▸ **WHAT YOU WILL DO**: The copy must hold exactly the lines from the one with "US Army All Gave Some Premium Long Sleeves" through the end of the listing below, and nothing else, with no pictures.

▸ **DATA BLOCK**:
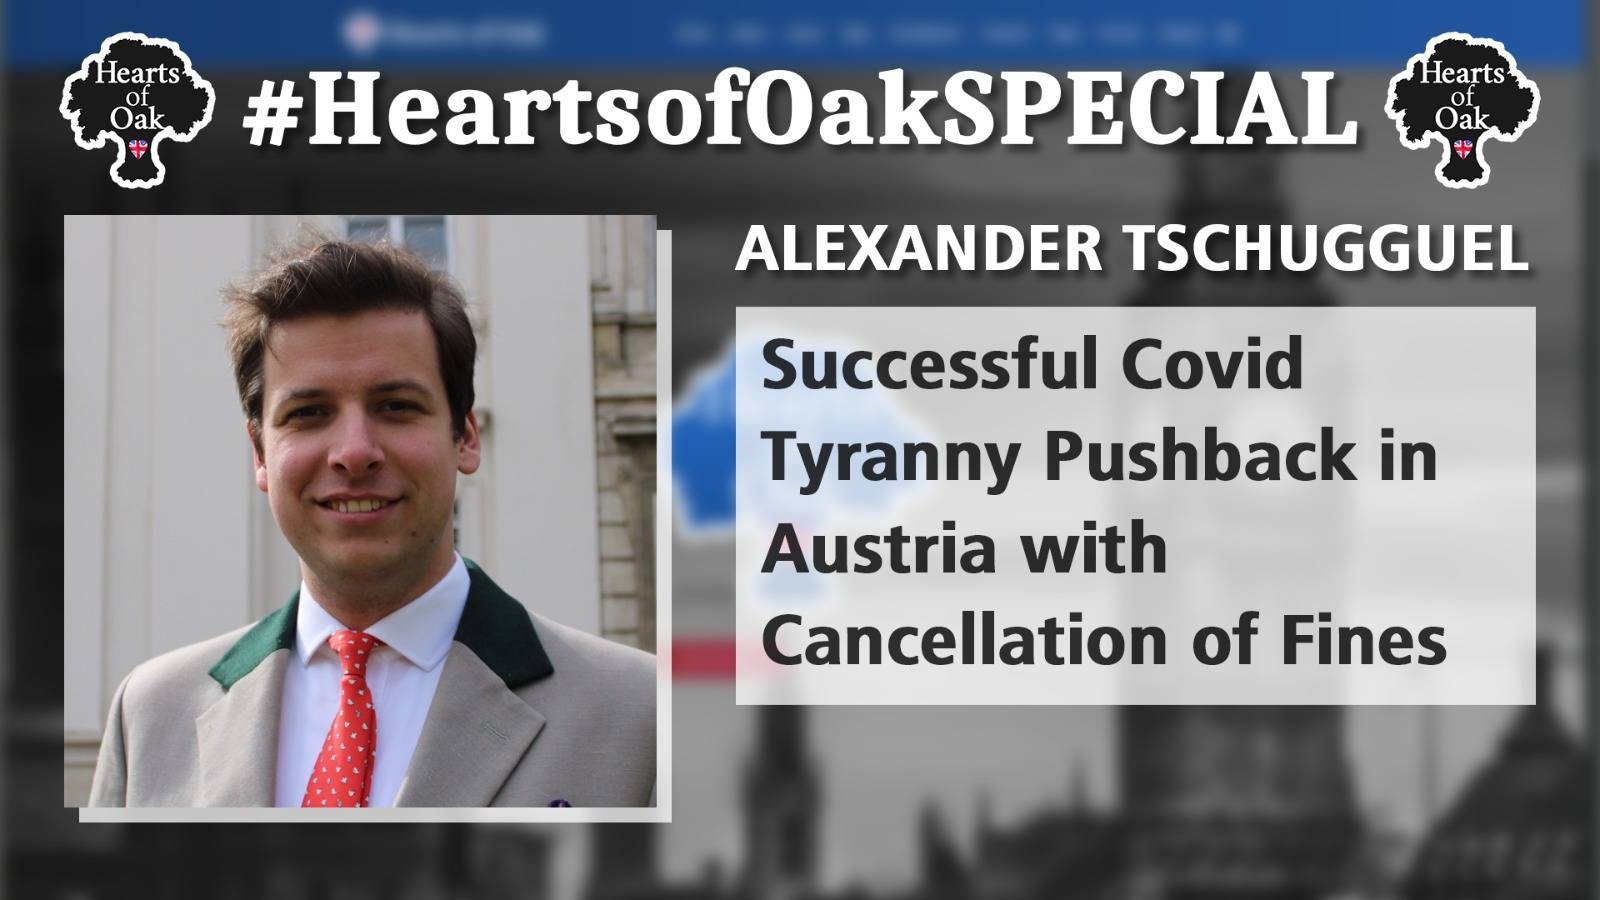 Alexander Tschugguel - Successful Covid Tyranny Pushback in Austria with Cancellation of Fines
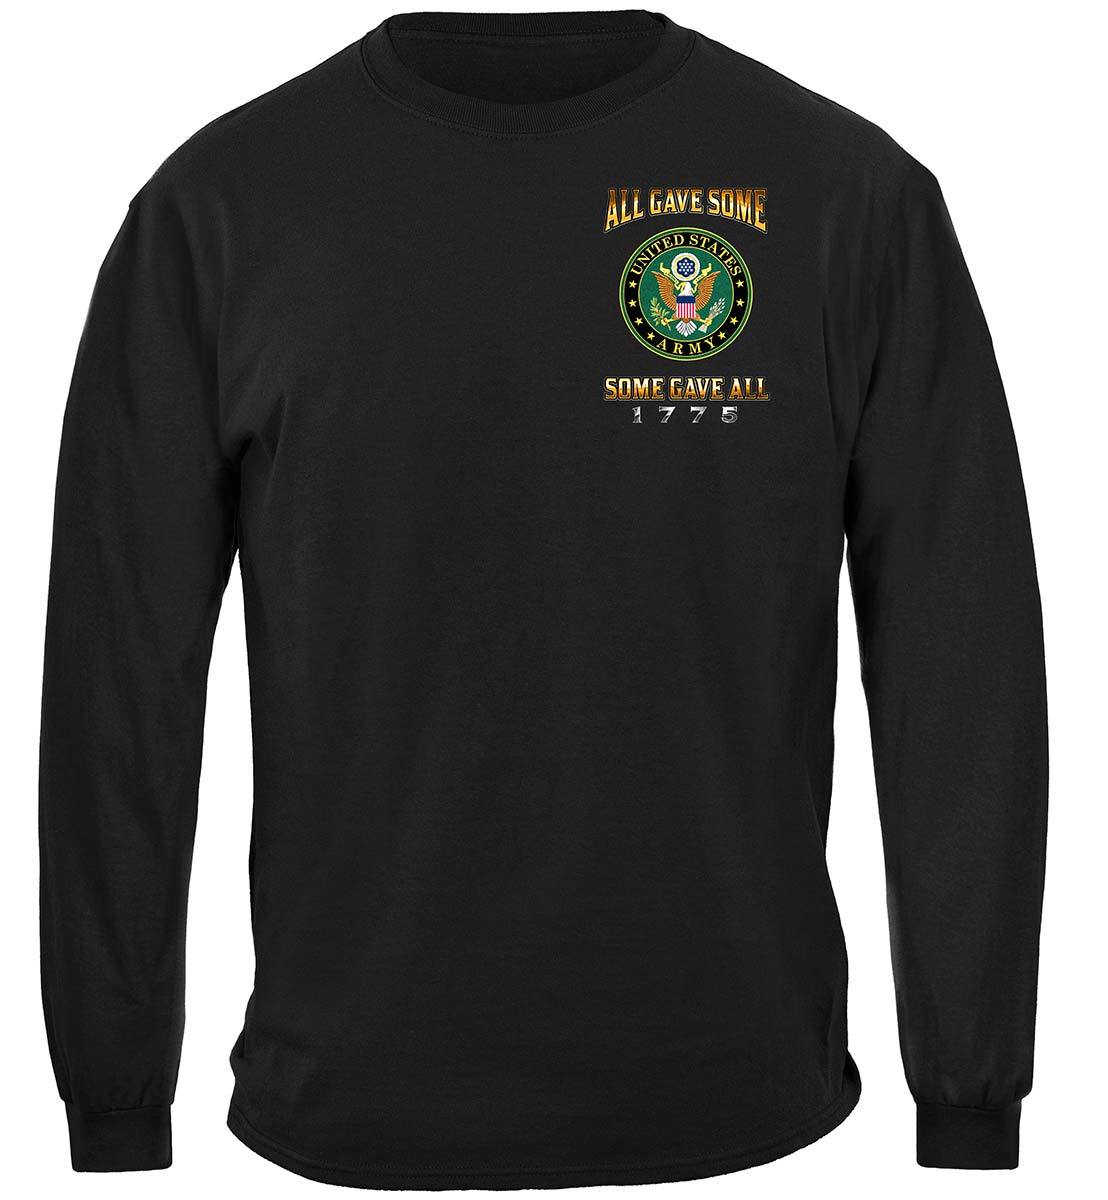 US Army All Gave Some Premium Long Sleeves
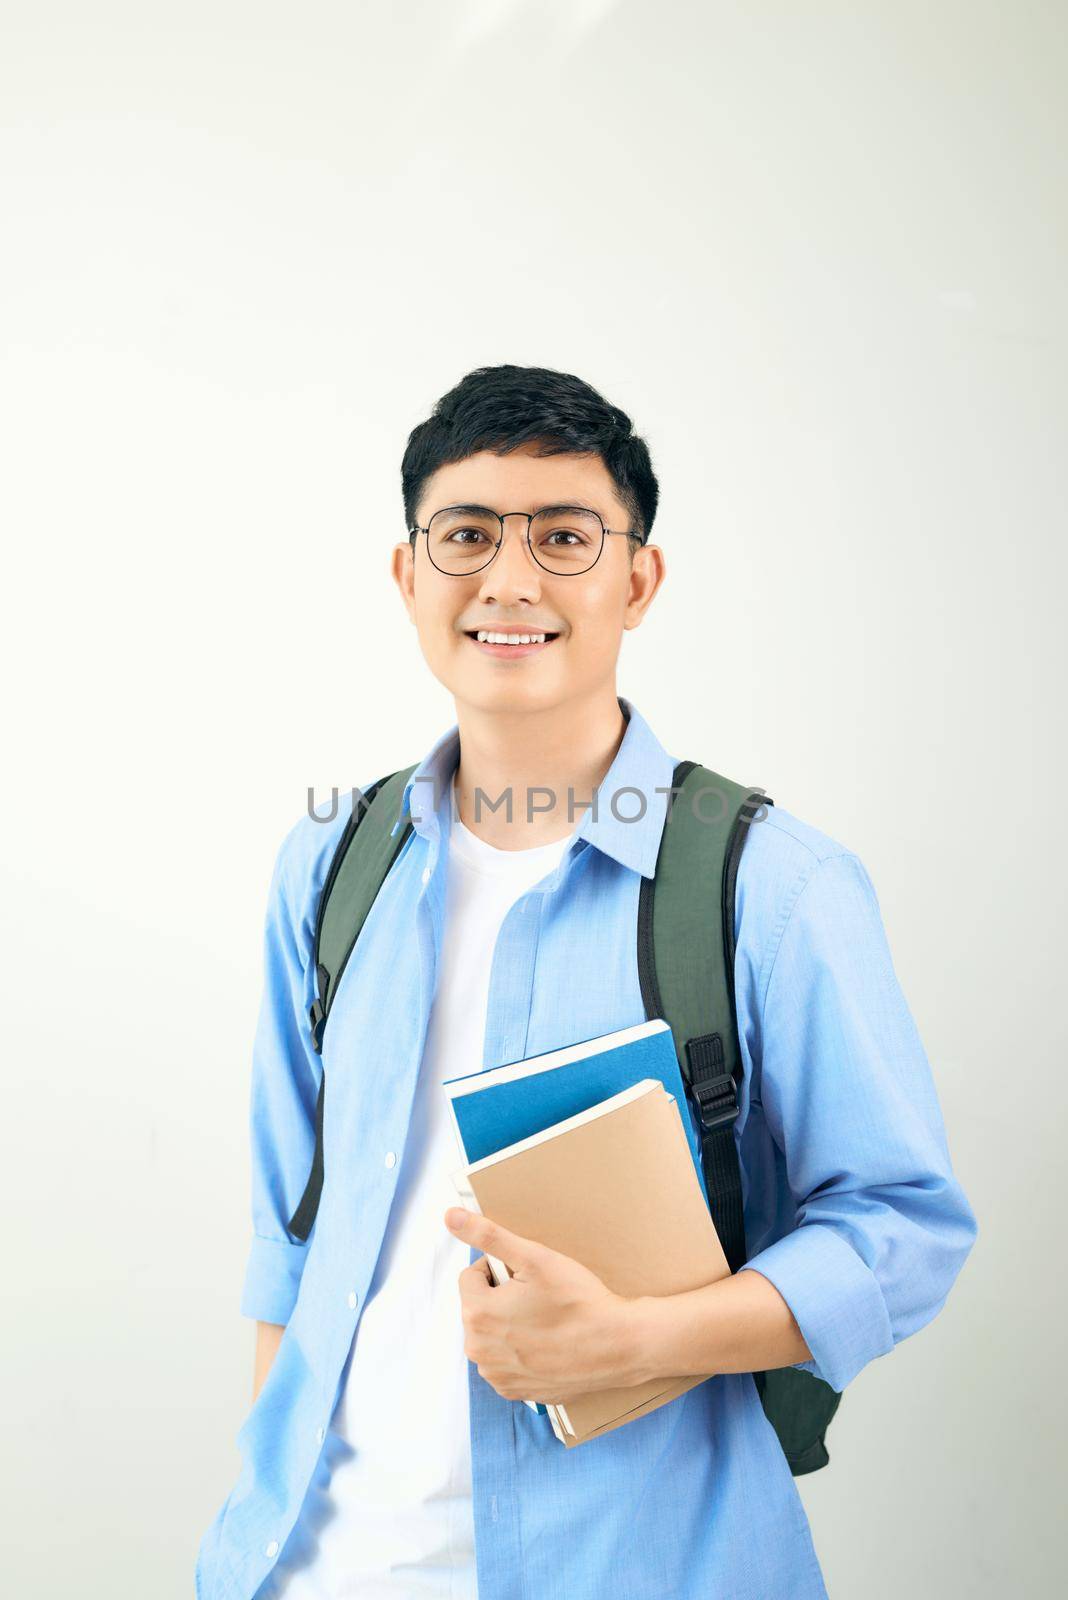 Handsome young student smiling and holding a notebook, isolated on white background

▸ **RESPONSE TO THE TASK**:
 US Army All Gave Some Premium Long Sleeves
 Handsome young student smiling and holding a notebook, isolated on white background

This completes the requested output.